» **Work required**
Pictures must not appear; the answer is exactly the lines from the one that holds "[W40K] Collection d'images" through the end of the material.
═════ Data extract ═════
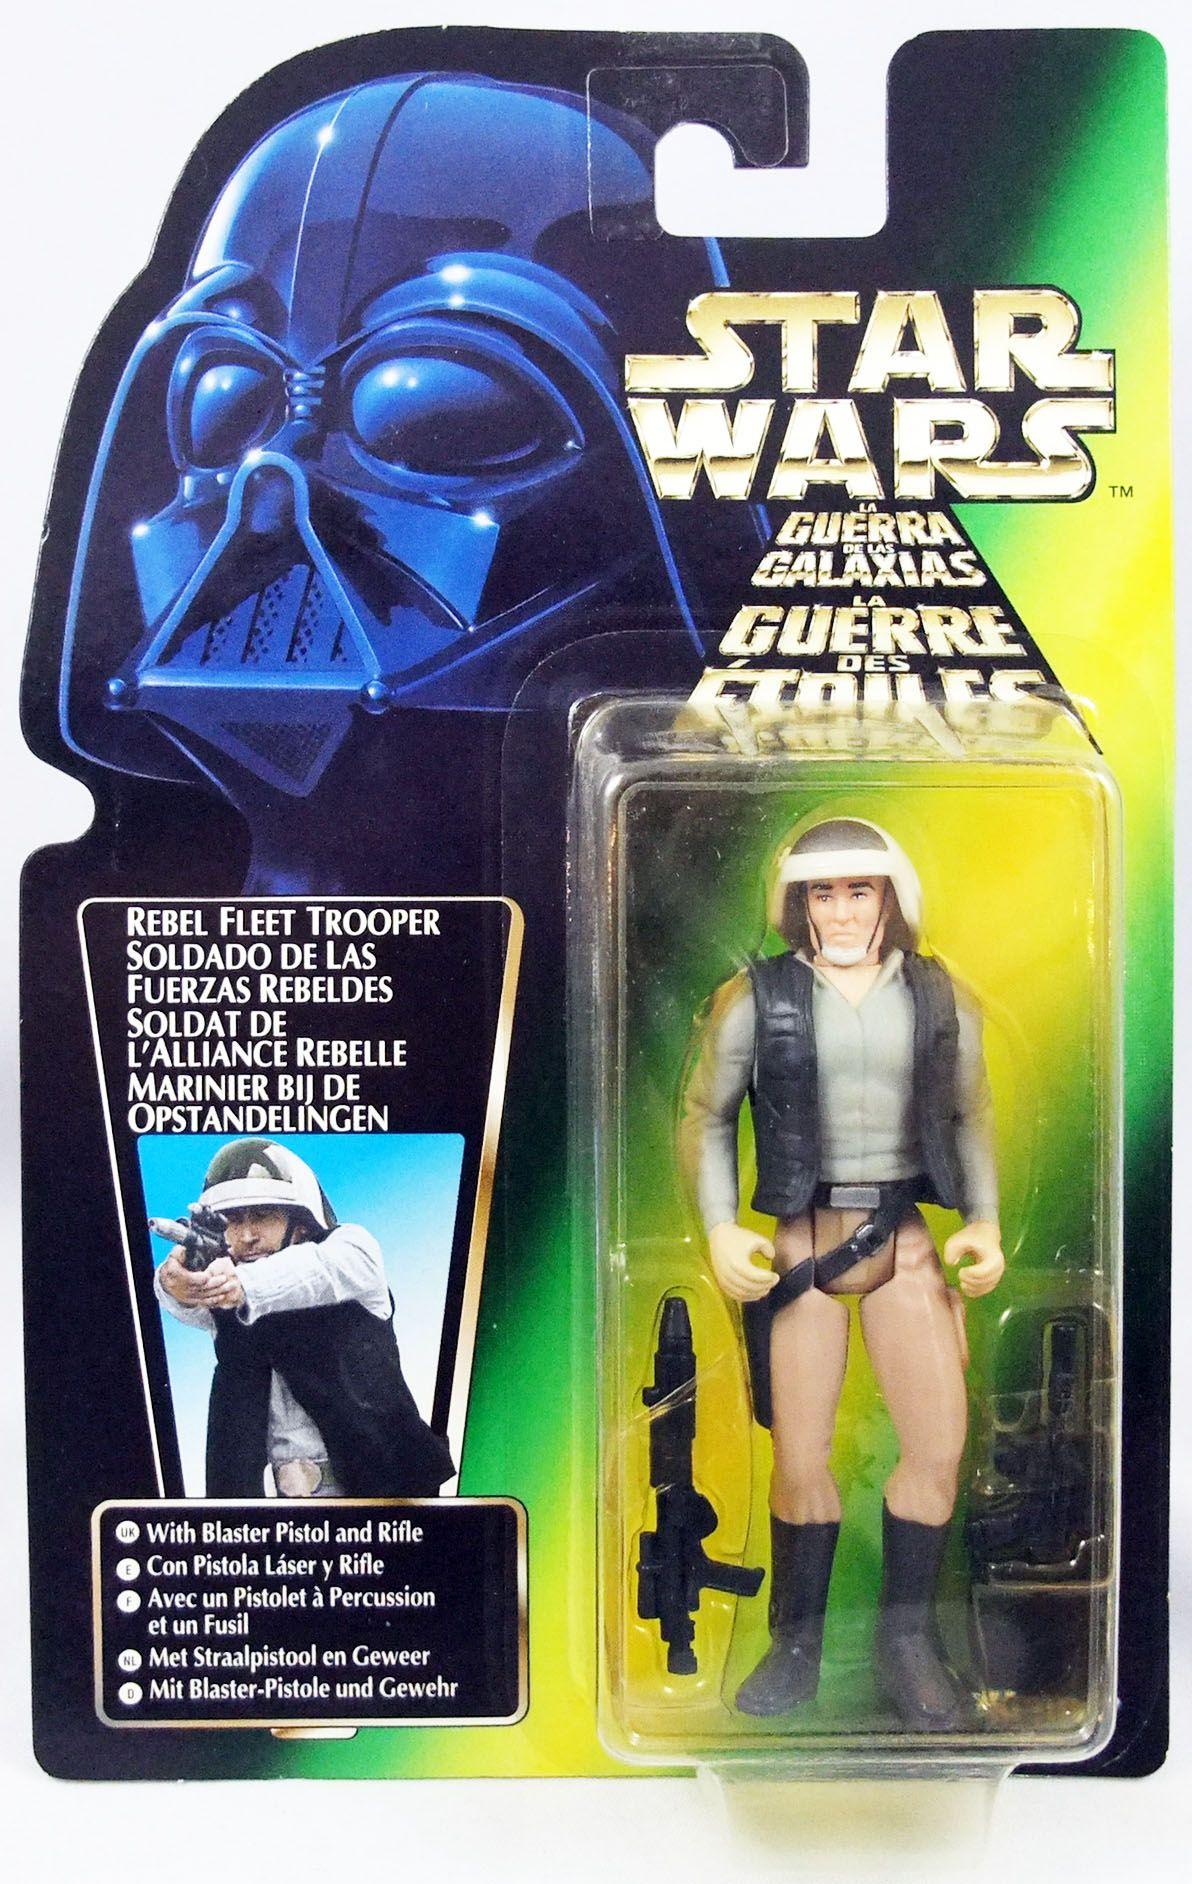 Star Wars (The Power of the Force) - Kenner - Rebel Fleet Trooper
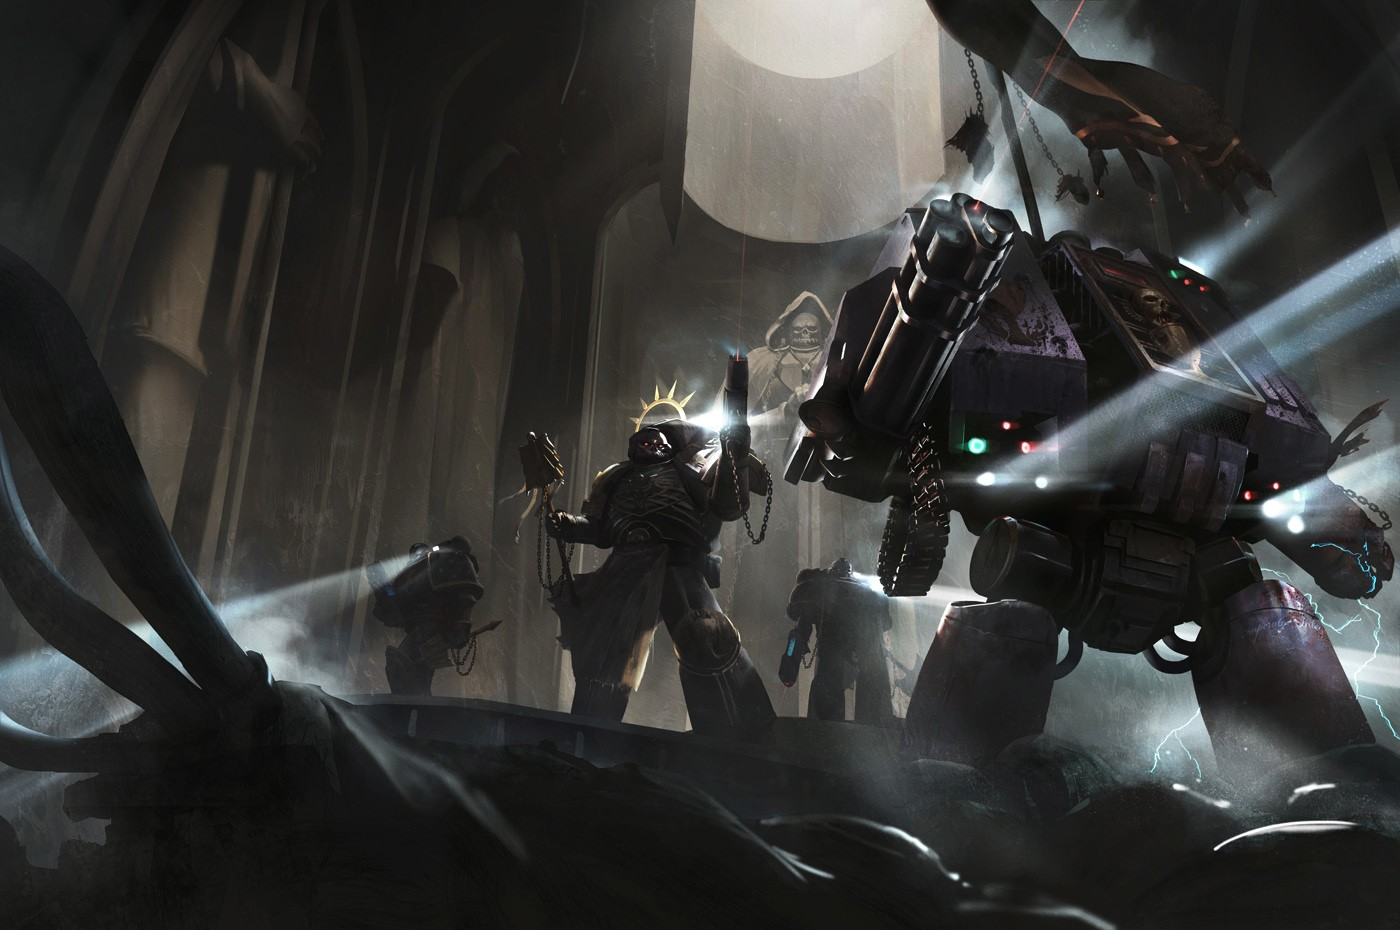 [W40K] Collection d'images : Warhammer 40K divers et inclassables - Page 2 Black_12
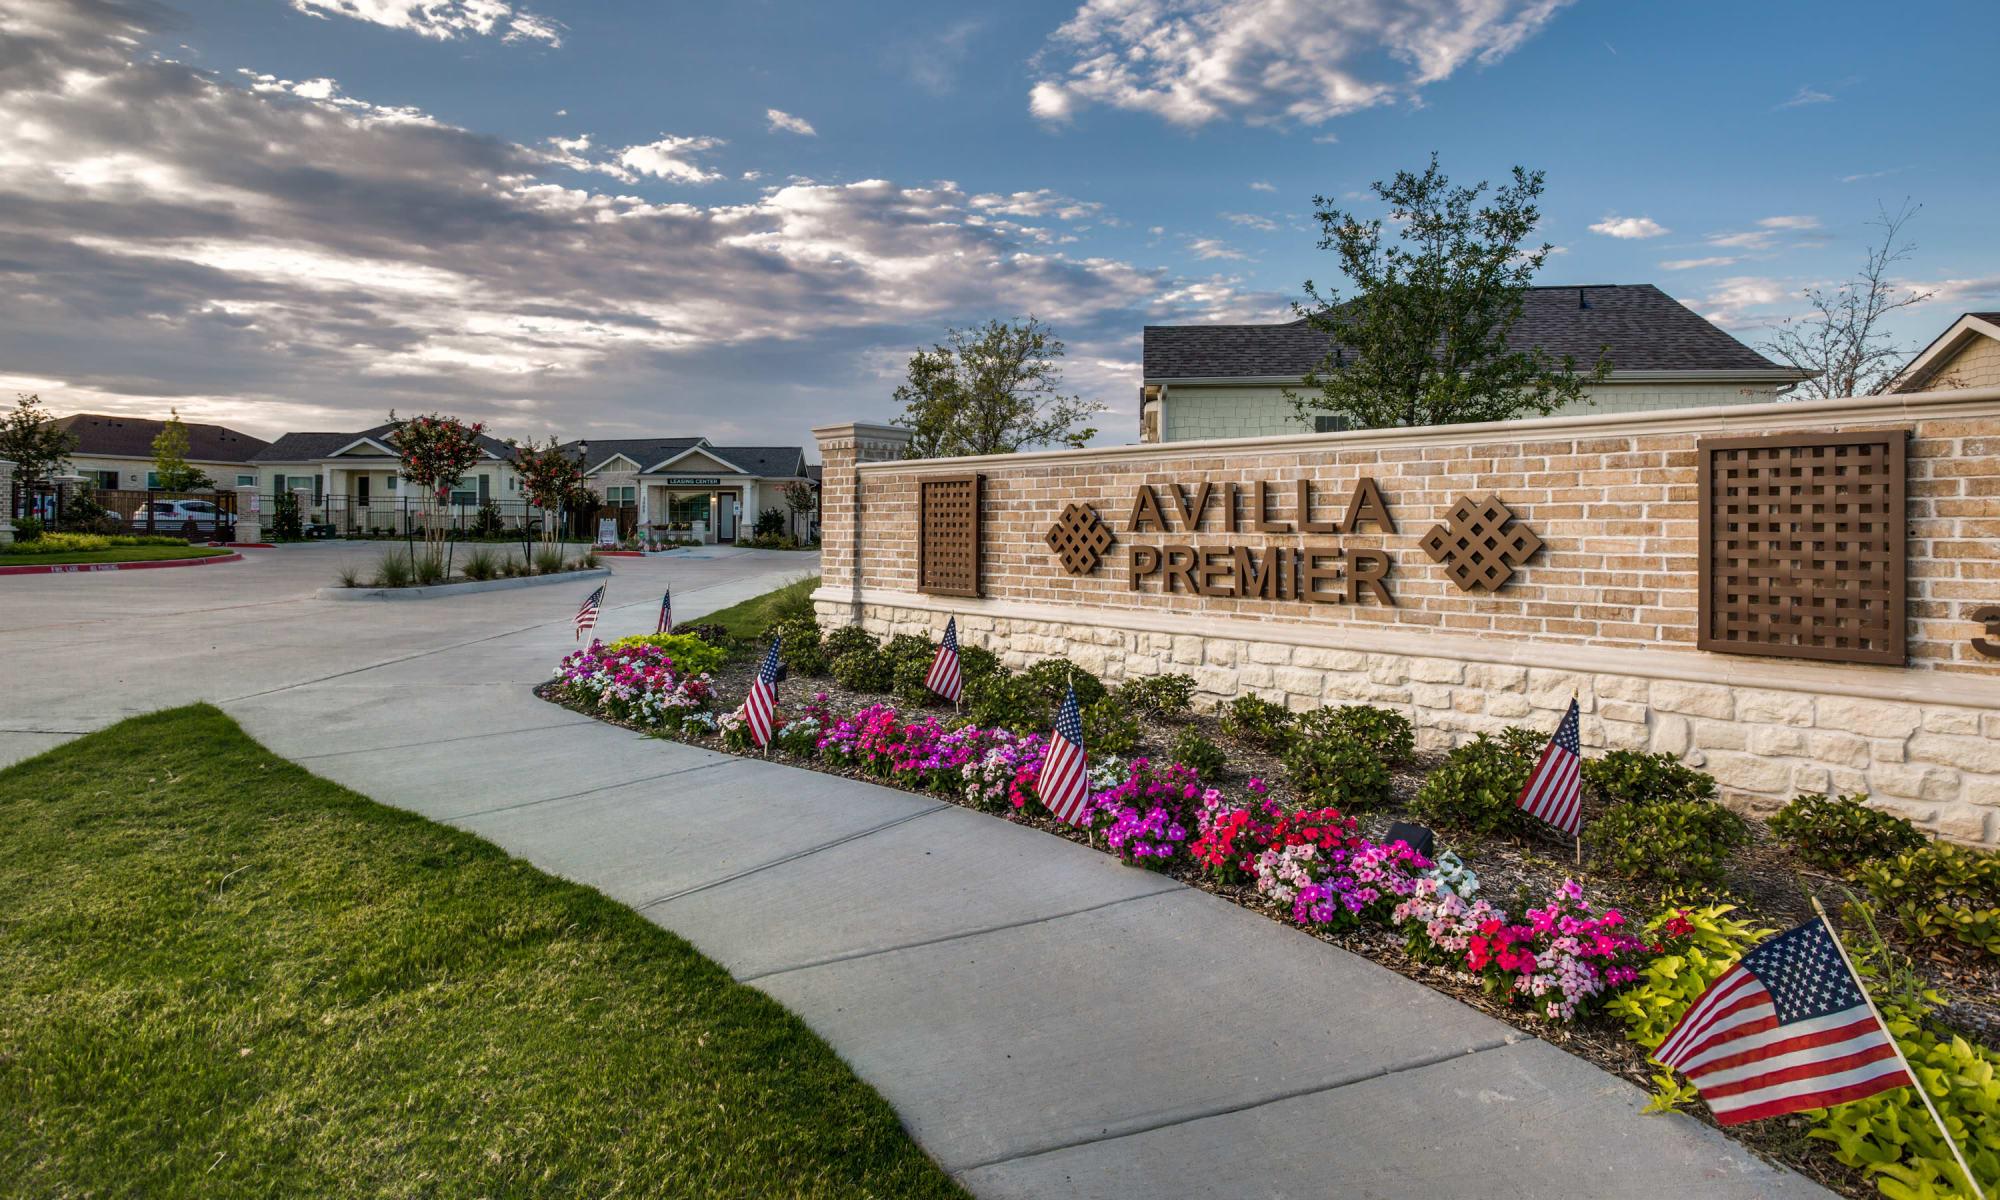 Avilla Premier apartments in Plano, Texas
═════
» **Your solution**
 [W40K] Collection d'images : Warhammer 40K divers et inclassables - Page 2 Black_12
 Avilla Premier apartments in Plano, Texas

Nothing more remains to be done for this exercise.